A Sketchbook for an Intelligent Web Agent

titivillus on 2006-07-02T19:03:18

I was looking through some stuff online and it struck me that an Intelligent Agent architecture would be fairly easy to implement, using only Open Source/Free Software tools.

The Agent would be running as a daemon, built using Perl and easily available Perl modules, for SOAP, CGI, AJAX and whatever else you need. Early in development, you'd have a collection of stump functions to call, and per Paul Graham, once you have a working Agent, you can add and extend functionality.

On the client side, you'd run Mozilla, and your agent communication code would run as a GreaseMonkey script set to run on every page, and probably sending the URL, REFERER and a few other points for each page.

You'd also have a Javascript-laden page on your sidebar, which uses AJAX to communicate with the Agent and present you with the data.

But what data?

I'm not actually sure yet. Depends on context. Depends on what you want. I can come up with a few usage scenarios, though.

1) You have 5 tabs open in Mozilla. They are the HTTP 1.1 RFC, documentation on CGI::AJAX, a Javascript tutorial, an article on Perl.com and a web page you're using all the other documentation to put together. The sidebar scripting could tell you're looking at the RFC and tell the Agent, which uses a Google module to get other links to HTTP-related pages. Or it can take the data it has and know that your top 5 places to go in general are Google, Slashdot, O'Reilly, Use Perl and MySpace.com, and show links to those. Or, it can notice that the RSS for Megatokyo.com has changed and tell you that the new comic is up. I think that adding to what you can do with this framework would be easy. That is, once the framework is implemented.

Questions: 1) How easy is it to handle tabs in Javascript? Finding out how many windows and how many tabs are open, and what tab has focus, or whatever the terminology is.

2) How easy is it to write network traffic in Javascript?
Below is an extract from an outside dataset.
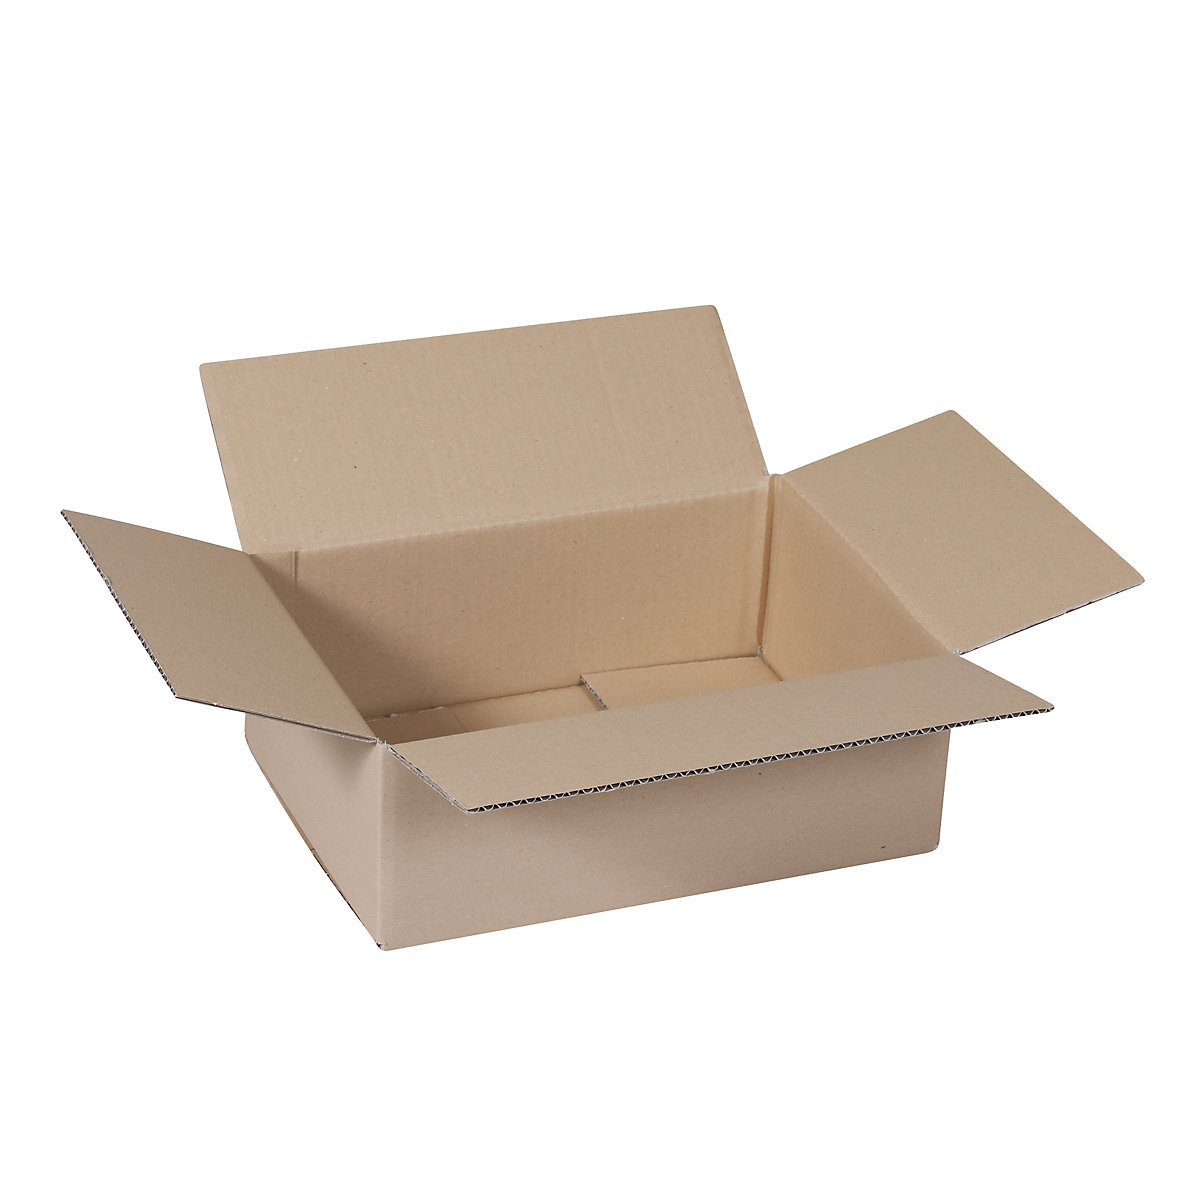 Sklopiva kartonska kutija, FEFCO 0201, od 1-valnog kartona, unutarnje dimenzije 350 x 250 x 120 mm, pak. 50 kom.-10

It should be a mostly solved problem, with AJAX, but I'll still have to look it up.

I figure once we get four things done (javascript code for pulling info about windows and tabs, a solid system for sending browse data to the Agent, AJAX communication between the sidebar and the Agent, decent installers for each part), development can begin on the interesting part, which is deciding what the Agent actually does.

Comment if you're interested, or at least think I'm on the good kind of crack.